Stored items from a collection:
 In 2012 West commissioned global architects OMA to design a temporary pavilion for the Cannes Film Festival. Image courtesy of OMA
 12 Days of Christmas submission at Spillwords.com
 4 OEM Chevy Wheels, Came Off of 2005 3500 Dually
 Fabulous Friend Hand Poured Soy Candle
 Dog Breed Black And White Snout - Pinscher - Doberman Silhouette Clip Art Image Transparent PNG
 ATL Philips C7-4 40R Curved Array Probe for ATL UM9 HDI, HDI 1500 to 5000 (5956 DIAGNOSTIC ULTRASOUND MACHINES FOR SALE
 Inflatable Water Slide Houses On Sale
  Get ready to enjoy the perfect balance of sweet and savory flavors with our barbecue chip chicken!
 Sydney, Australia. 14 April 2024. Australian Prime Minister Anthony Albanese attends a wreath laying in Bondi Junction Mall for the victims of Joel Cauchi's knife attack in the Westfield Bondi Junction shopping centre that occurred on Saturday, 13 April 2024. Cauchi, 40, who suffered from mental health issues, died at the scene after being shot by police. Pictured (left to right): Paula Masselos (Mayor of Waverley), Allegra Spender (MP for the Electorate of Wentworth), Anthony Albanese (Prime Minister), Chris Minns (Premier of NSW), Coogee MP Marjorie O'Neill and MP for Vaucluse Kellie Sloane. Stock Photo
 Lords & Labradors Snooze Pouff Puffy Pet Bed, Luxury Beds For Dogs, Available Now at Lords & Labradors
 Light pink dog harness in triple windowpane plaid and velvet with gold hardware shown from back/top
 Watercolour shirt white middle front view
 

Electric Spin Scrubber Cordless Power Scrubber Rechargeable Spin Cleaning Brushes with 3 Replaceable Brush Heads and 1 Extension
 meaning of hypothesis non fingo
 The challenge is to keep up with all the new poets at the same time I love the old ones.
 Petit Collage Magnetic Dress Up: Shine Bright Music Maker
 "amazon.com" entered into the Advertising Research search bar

> [What you will do] There is a line with "Electric Spin Scrubber" and a line with "Petit Collage Magnetic" above. Copy exactly those two lines and all lines between them, with nothing else.

> [Your response]
Electric Spin Scrubber Cordless Power Scrubber Rechargeable Spin Cleaning Brushes with 3 Replaceable Brush Heads and 1 Extension
 meaning of hypothesis non fingo
 The challenge is to keep up with all the new poets at the same time I love the old ones.
 Petit Collage Magnetic Dress Up: Shine Bright Music Maker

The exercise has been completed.